她這里悄悄從眼角處打量著太子,太子則一臉正色地逗著袁霙,或跟袁長卿說著話,卻是連眼角都不曾往她這里瞅一眼……也虧得如此。
這未來的君臣二人組說了一些珊娘聽不明白的人和事后,外面那個大胡子軍漢又進來稟報,說是下人抬了吃食進來。
太子爺笑道:“因今兒的事,倒驚得我連午膳都還沒用,不知道可有我的份兒?”說著,他這才看向珊娘。
珊娘立時笑道:“自然有的。”
說話間,那大胡子端著個托盤進來了。托盤上,是兩碗袁長卿點名要的長魚面。
“這是什么?”太子興致勃勃地伸手拿了一碗面,抬頭問著珊娘。
聞到那股魚腥味兒,珊娘正反胃著,偏又不好在太子面前失了禮儀,只好憋了口氣,扭頭看向袁長卿。
袁長卿則不太高興地看著太子手里的那碗面,道:“長魚面。”——這可是他媳婦兒特意給他做的面!
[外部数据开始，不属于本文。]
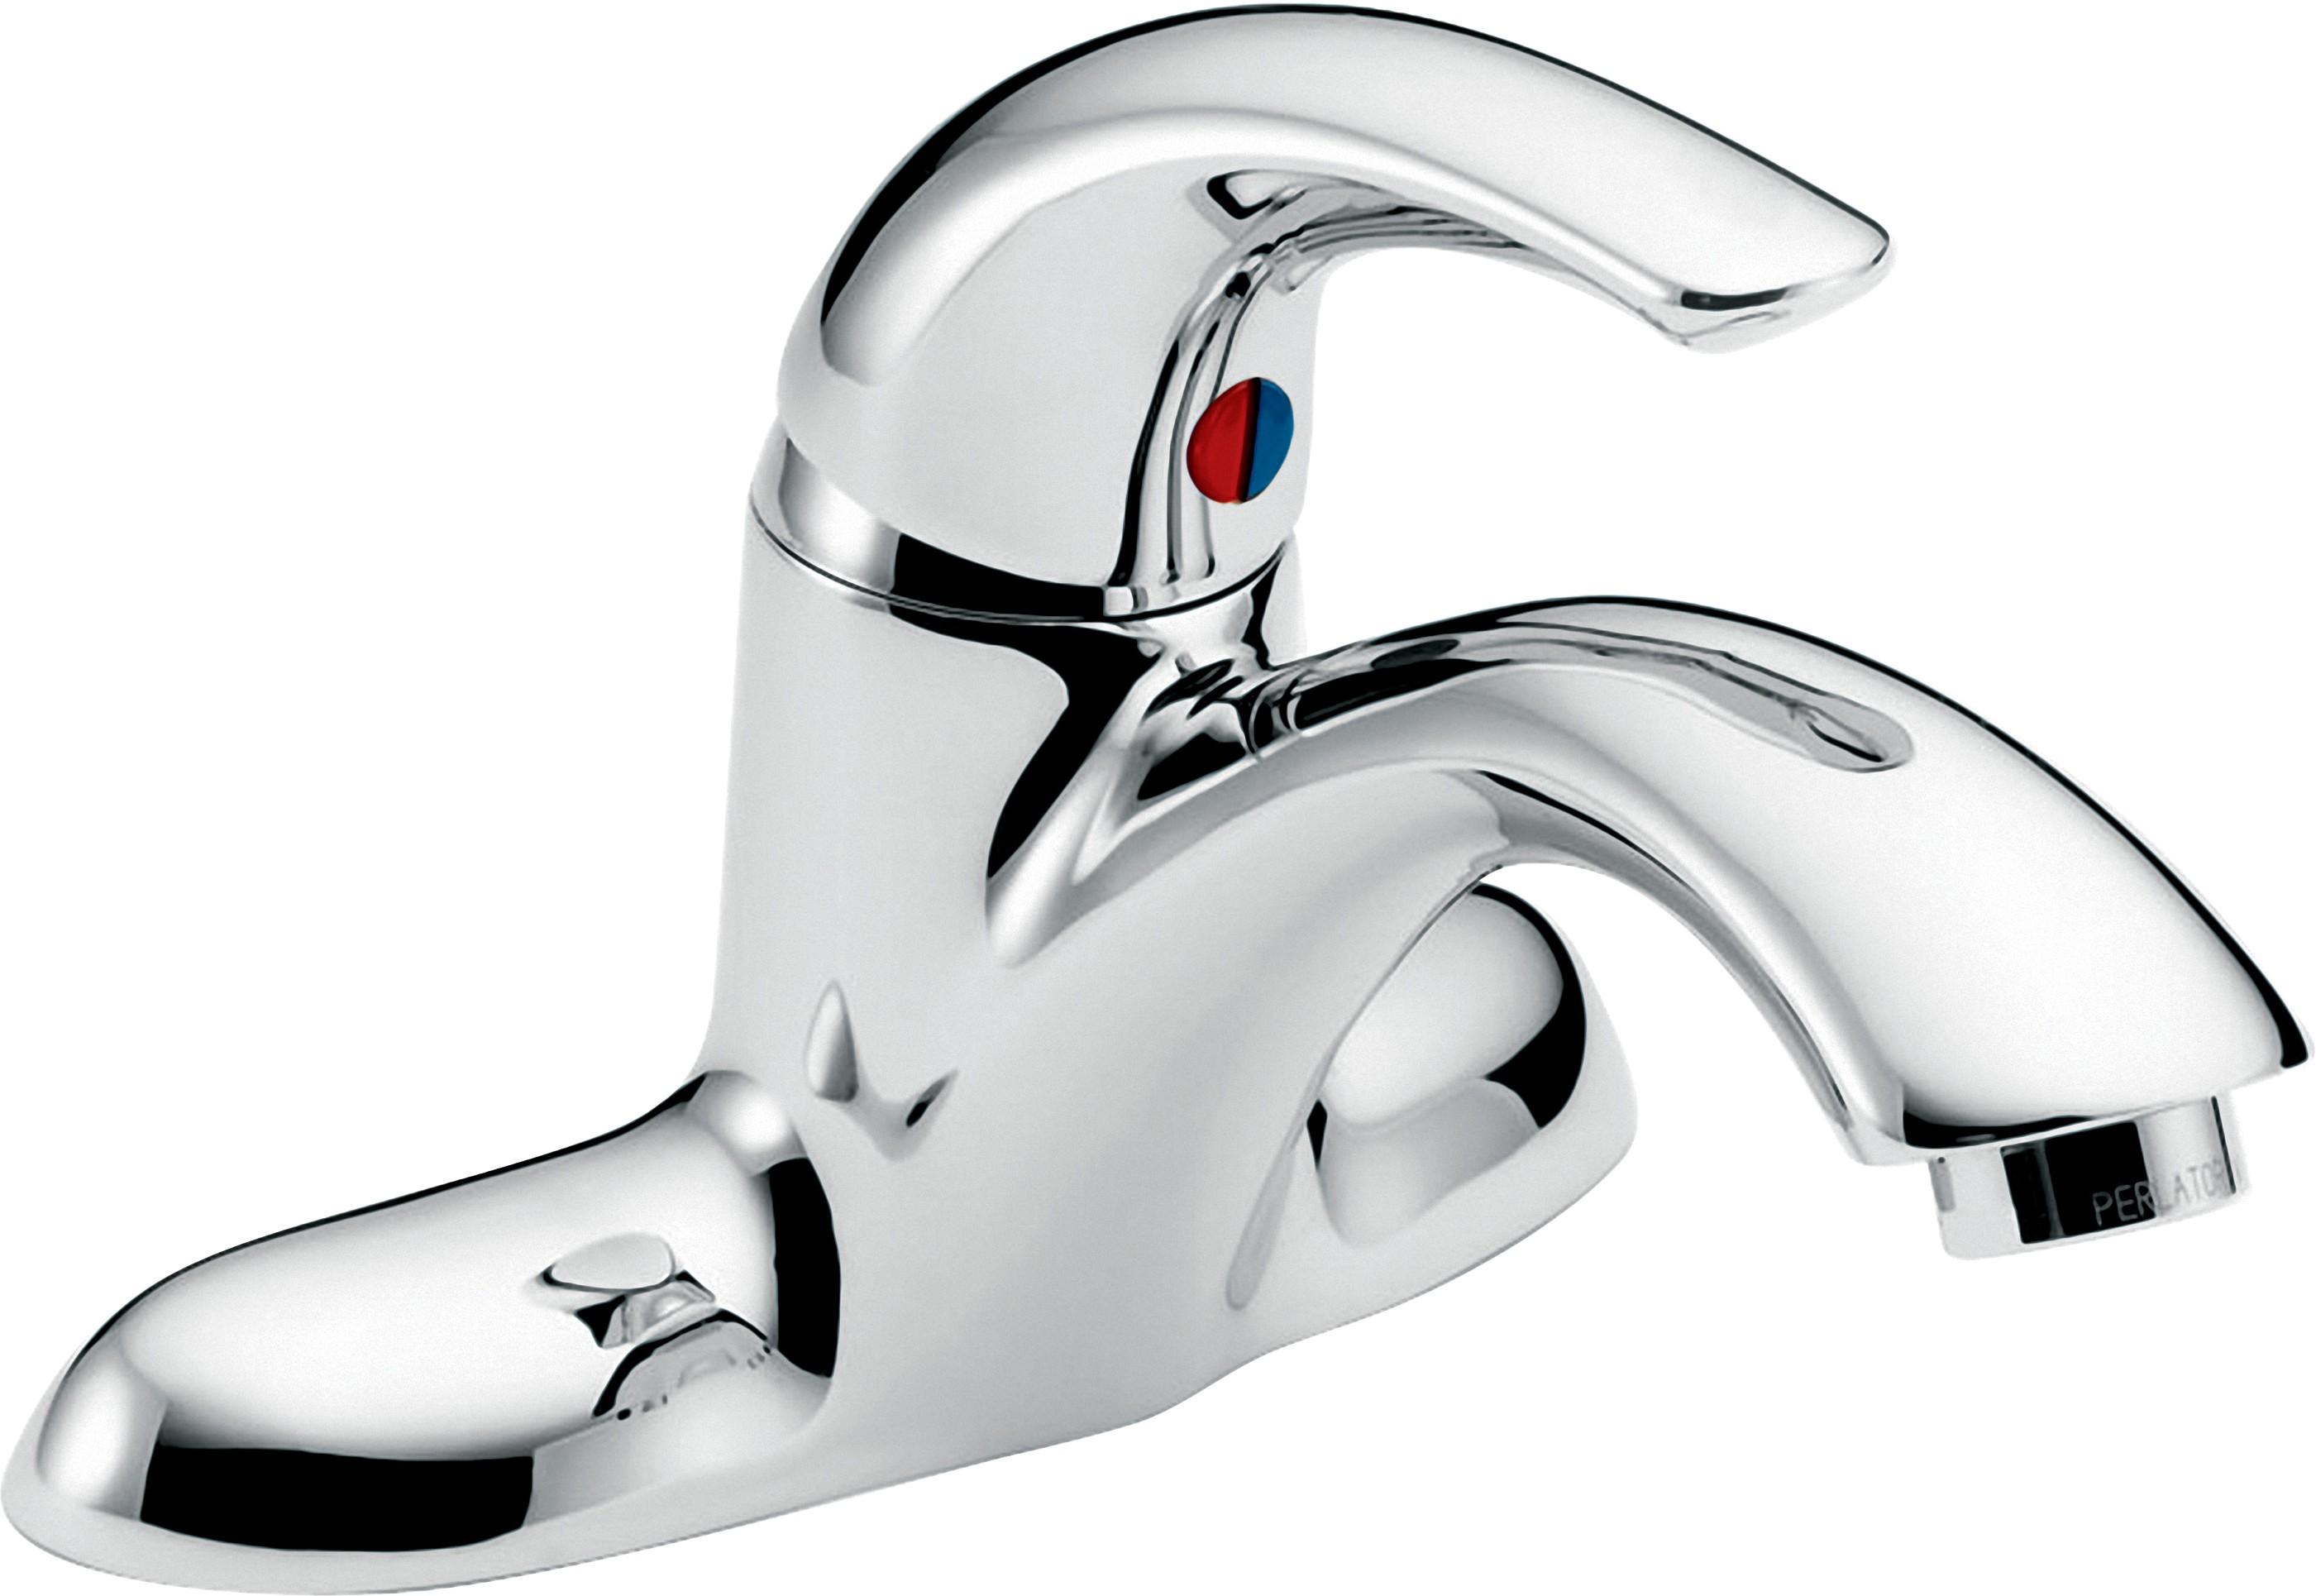 Delta Faucet Commercial : Delta Commercial 22C101 Single Handle 4

小心眼的袁長卿盯著那面條,不禁一陣開動腦筋,想著怎么忽悠著太子爺別碰他的面條……
也虧得一般人都不太看得出來袁大的喜怒哀樂,太子也不曾看出他的不高興,仍興致勃勃地議論著:“這顯見著是夫人的手藝了。今兒倒是我有了口福。”說著,叉著面條便要往嘴里送,卻叫袁霙一把扯住了他的胳臂。
袁霙看著太子張開嘴,以動作表示著他也要吃。
太子見了不禁笑了起來,對袁長卿道:“顯見著你倆是父子,這竟也是個跟你一樣不愛開口的。”說著,便叉著那面條逗著袁霙開口。袁霙眨著眼看看太子爺,先是委屈地叫了聲“娘”,然后忽地一轉身,撲到他爹的懷里,卻就是不肯如太子的意,跟他說上一句話。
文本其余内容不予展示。